§ **Exercise**:
Restate all the lines below word for word, but omit the pictures.

§ **Data**:
= Beginning of Section =
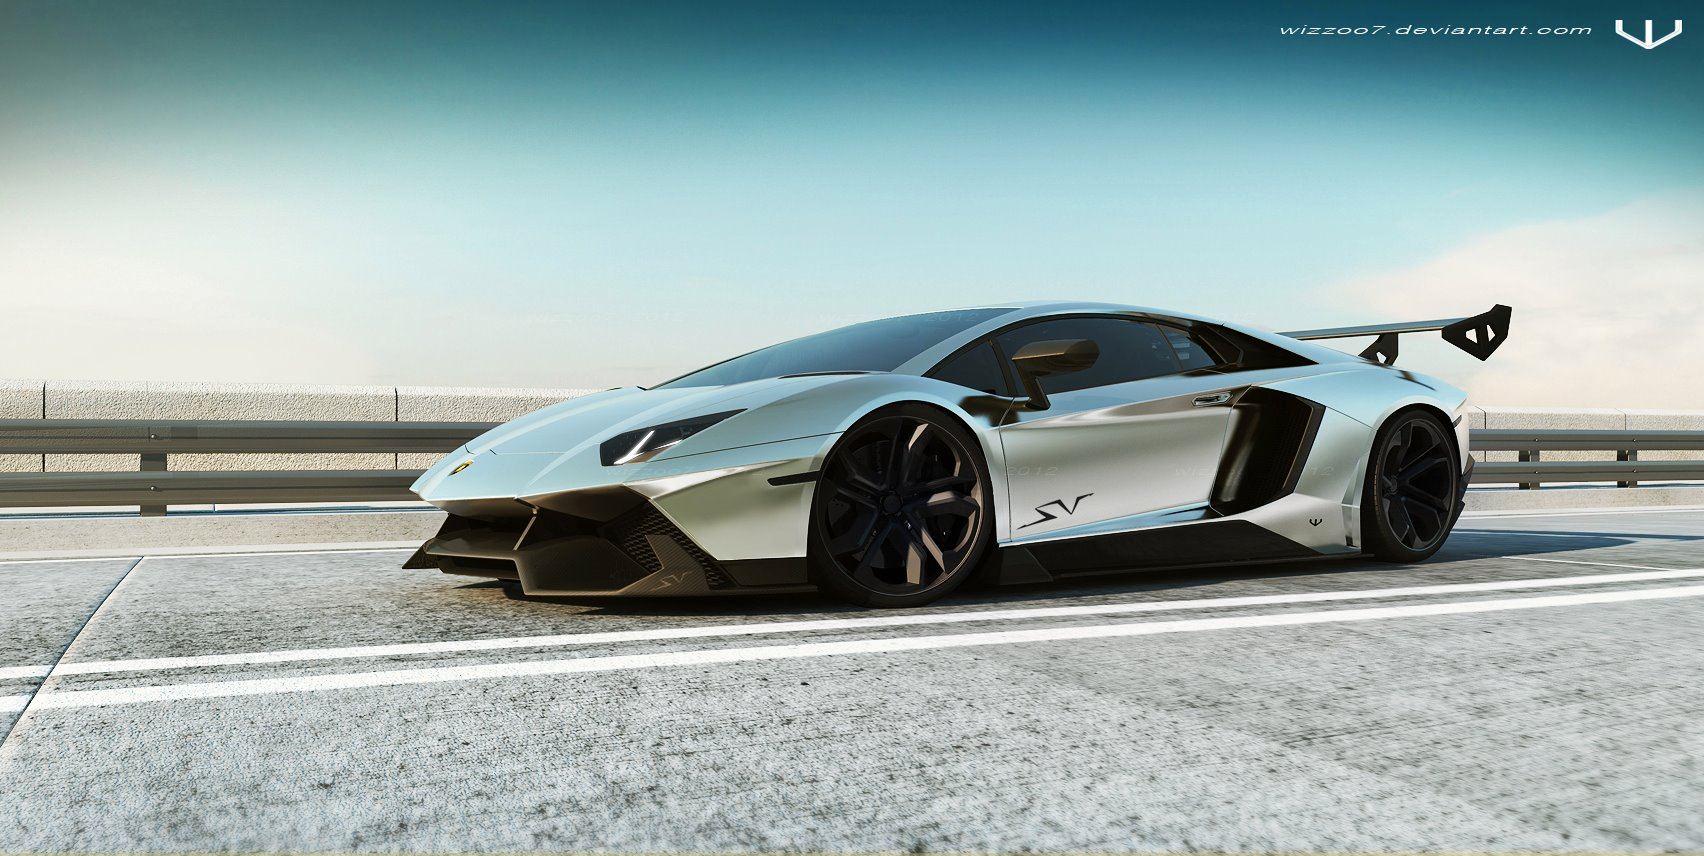 Lamborghini Dealers Taking Waiting List Deposits For Aventador Sv Autoevolution
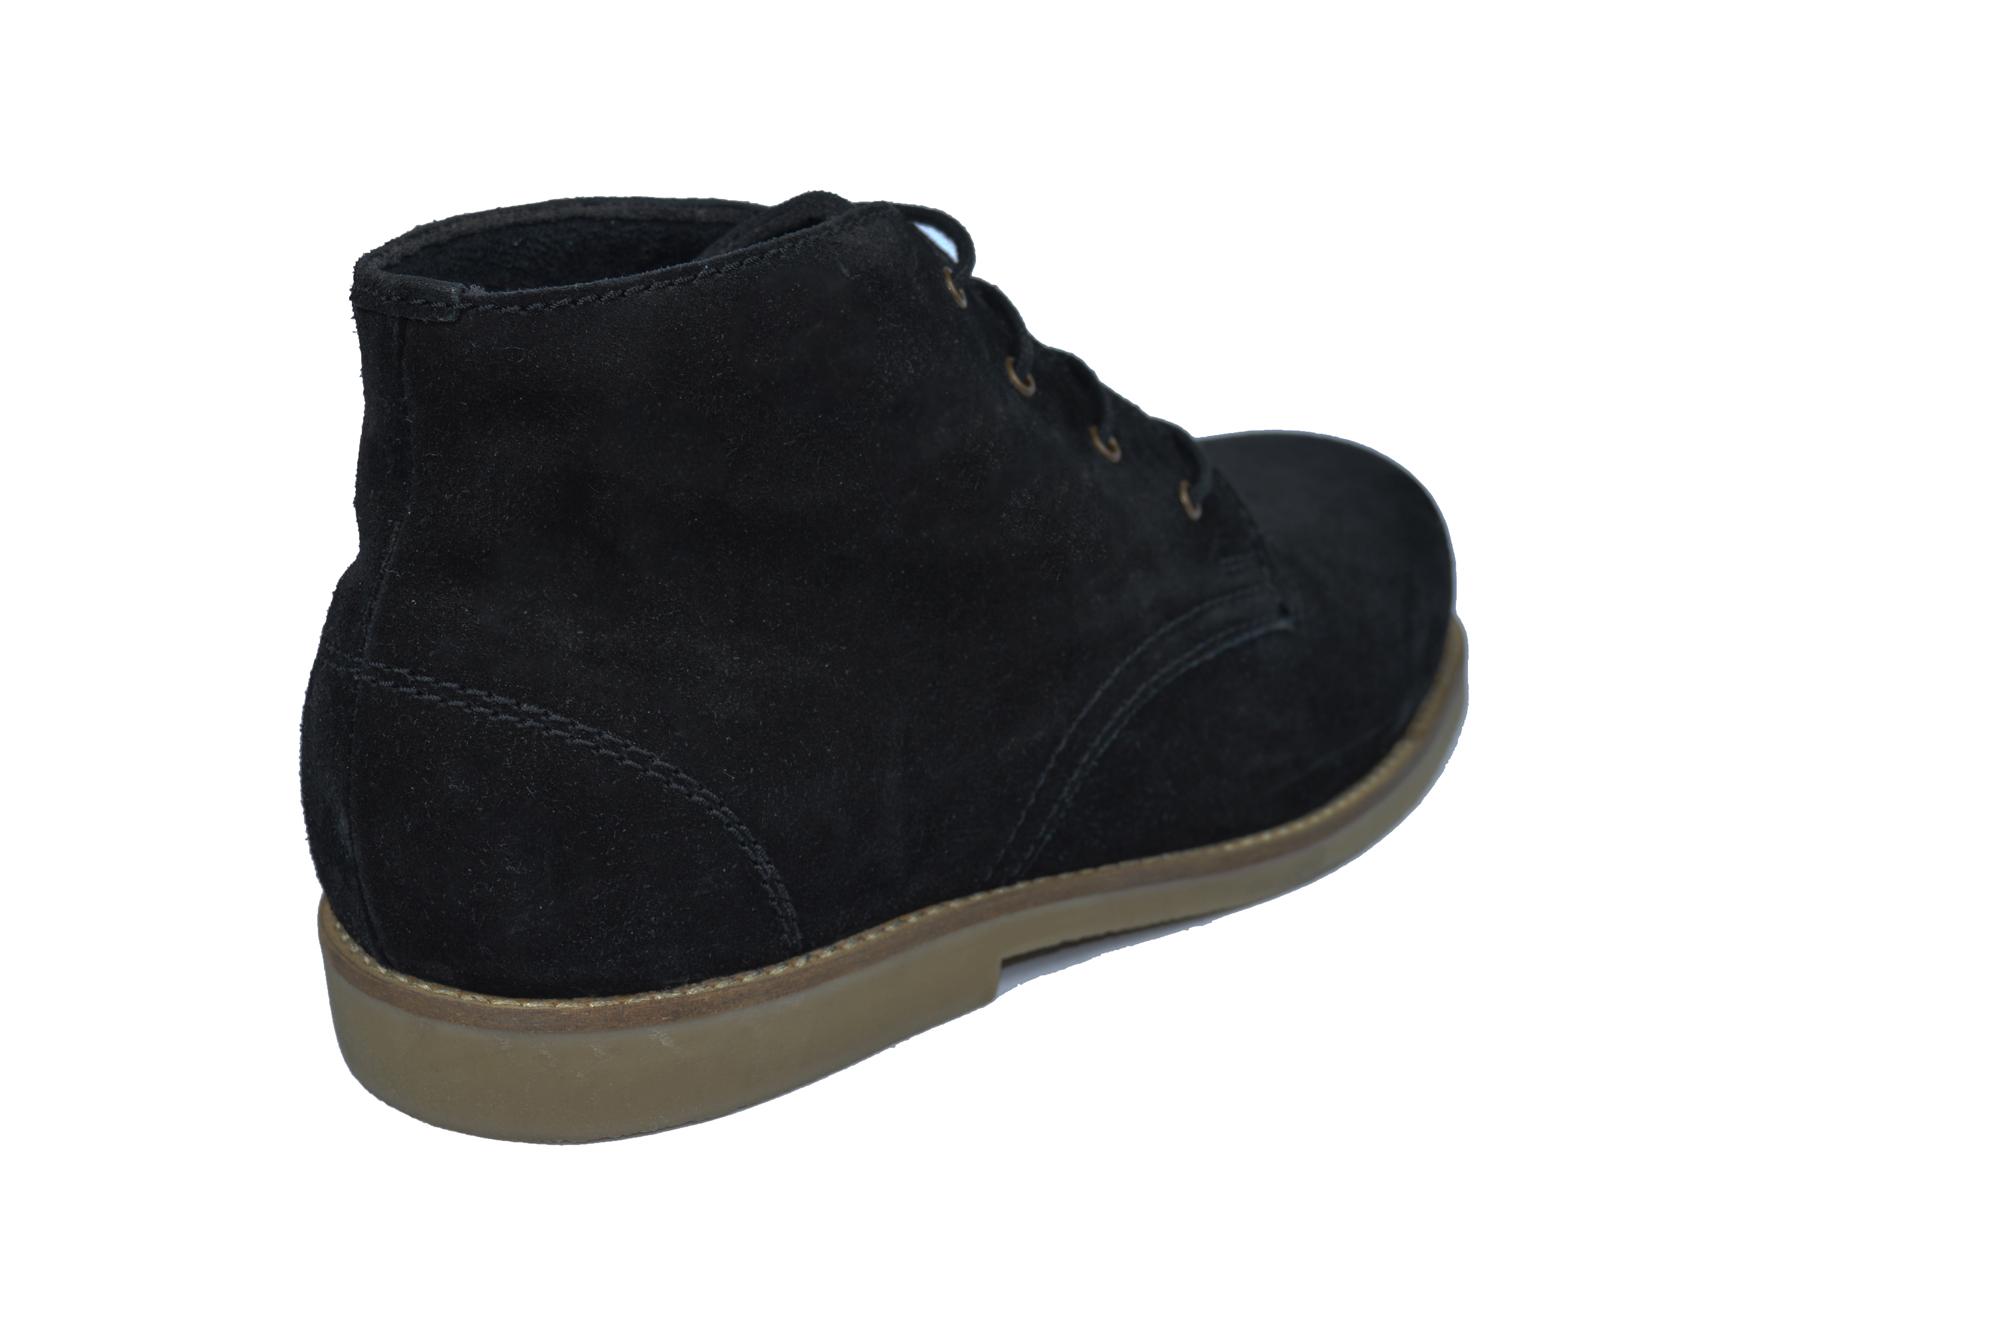 mens desert boots in wide fitting 4e antonio pacelli
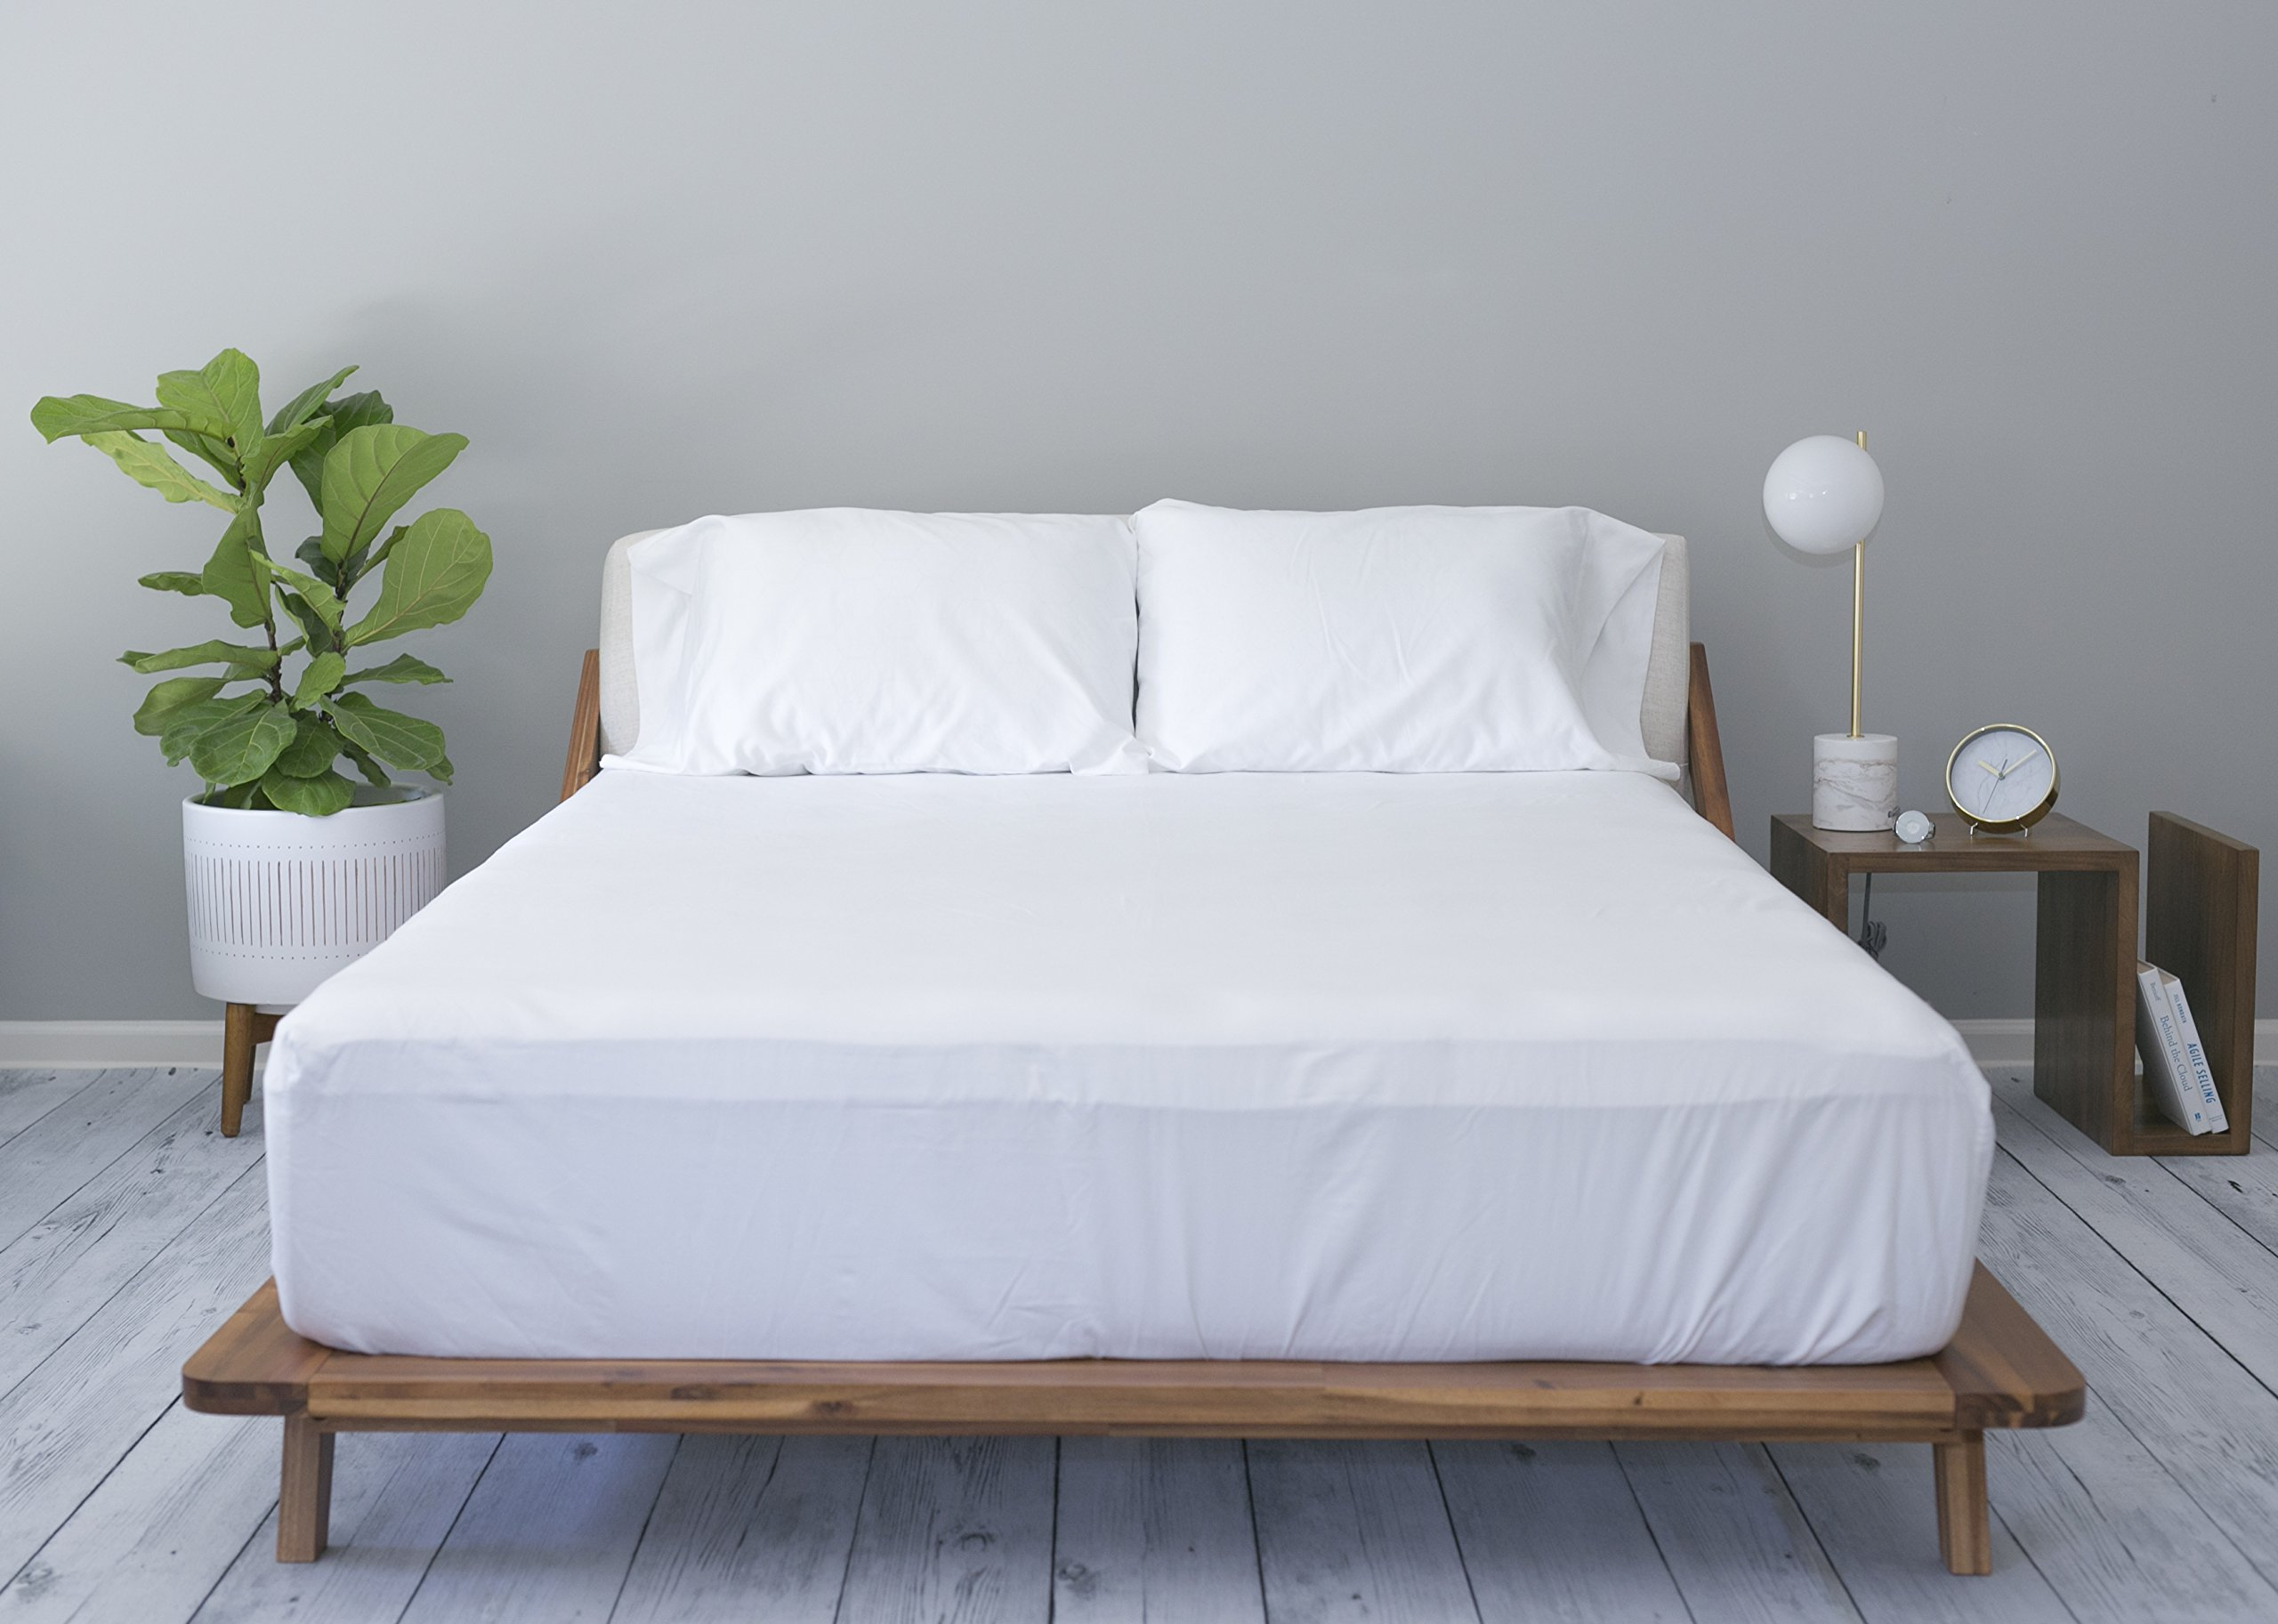 100% Cotton Sateen - Luxury - 500 Thread Count - Deep Pocket - Sheet Set (QUEEN, WHITE)
= End of Section =
§ **Solution**:
 Lamborghini Dealers Taking Waiting List Deposits For Aventador Sv Autoevolution
 mens desert boots in wide fitting 4e antonio pacelli
 100% Cotton Sateen - Luxury - 500 Thread Count - Deep Pocket - Sheet Set (QUEEN, WHITE)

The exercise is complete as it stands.